The stats are enough to frighten anyone away from cloud storage, and they’re one of the reasons Pantas Sutardja, cofounder and ex-CTO at chipmaking giant Marvell, pursued a business focused on securing personal data. His San Jose startup — Latticework — emerged from stealth this summer, with 100 employees and an in-house hybrid cloud infrastructure dubbed LatticeNest. With $13 million in seed funding from Tyche Partners and individual strategic investors, the company is now gearing up to launch its first product: Amber, a smart storage platform with artificially intelligent features.

“Every year, consumers are generating trillions of photos and 10 to 100 times more video data by phone,” Sutardja told VentureBeat in a phone interview. “They have a huge issue concerning how to store it securely for the long term. Frankly speaking, [cloud storage companies] are giving them free storage just so that they can do advertising, and while they only sell part of users’ data, they often leak … data that they didn’t intend to. We want to come in and solve this by unifying data across the cloud and personal devices.”

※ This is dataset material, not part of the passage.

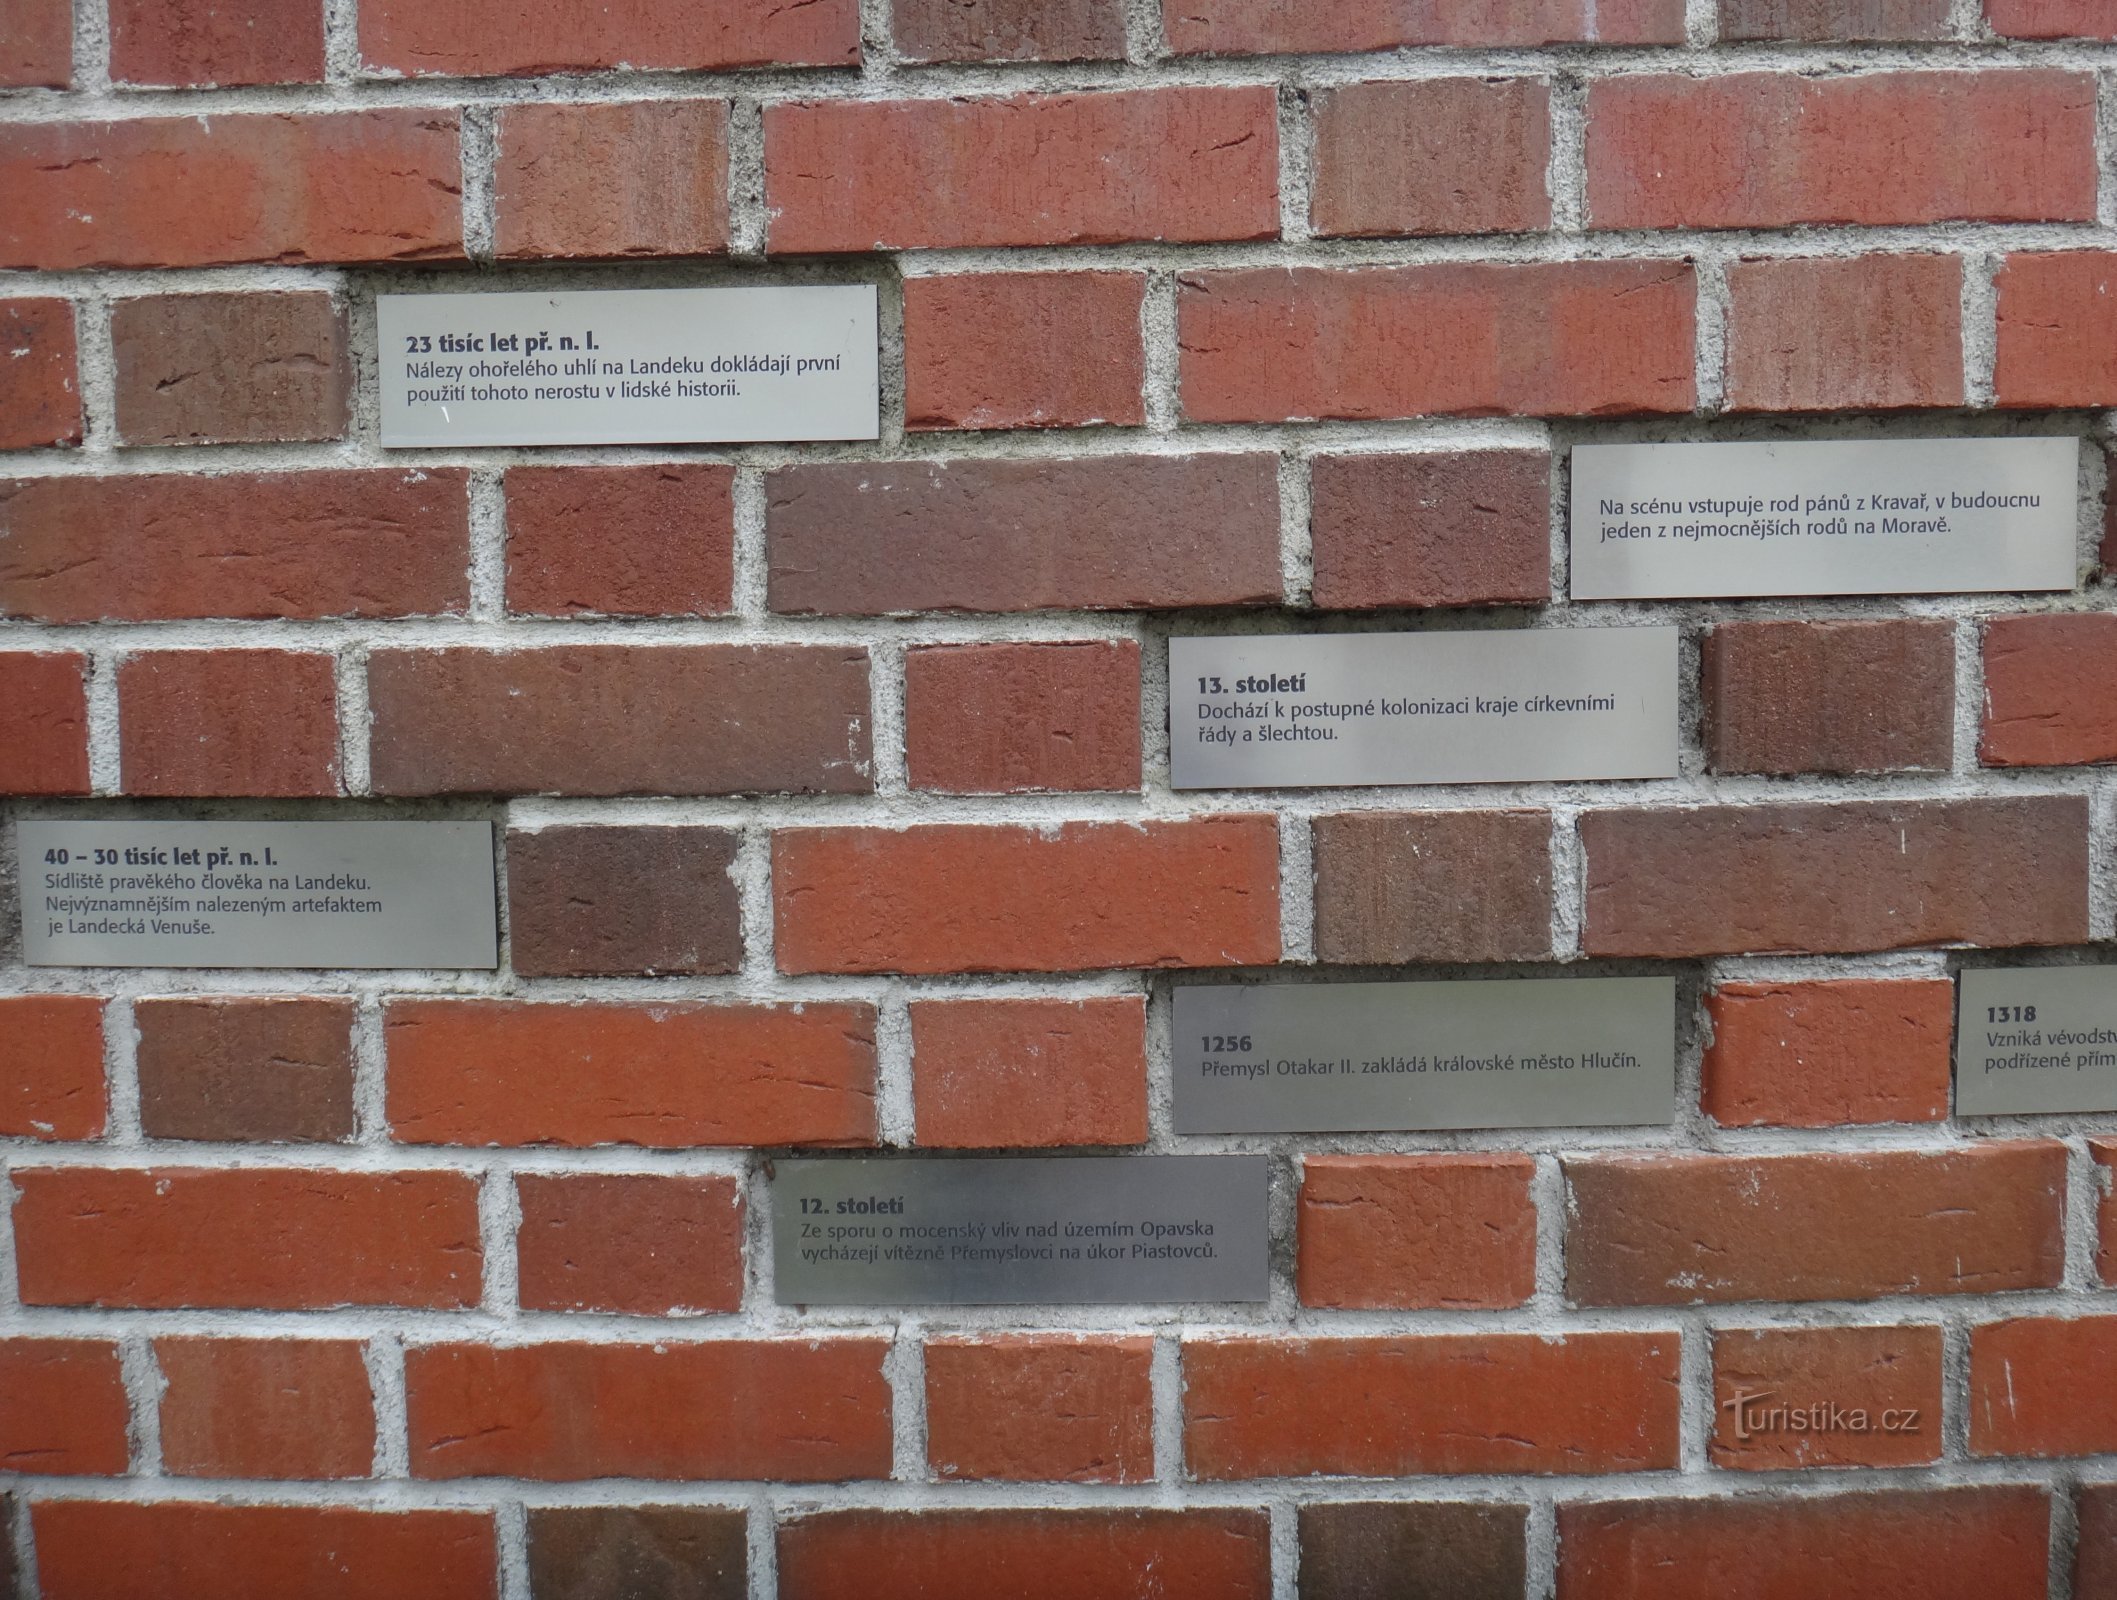 Hlúčín - bức tường về lịch sử

Amber is a cube-shaped network-attached storage (NAS) device with rounded corners and an Amazon Echo-like glowing LED ring on its top. It measures 6.5 inches across and weighs about 5 pounds, and it packs an Intel Core Duo (Gemini Lake) processor clocked between 1.1GHz and 2.6 GHz and a pair of hard drives (1TB or 2TB, depending on the configuration) in RAID 1 configuration. There’s an AC2600 Wi-Fi router thrown in for good measure, plus a bevy of ports, including HDMI out, two gigabit Ethernet ports, WAN ports, and two USB 3.0 ports — one USB-C and a USB Type A.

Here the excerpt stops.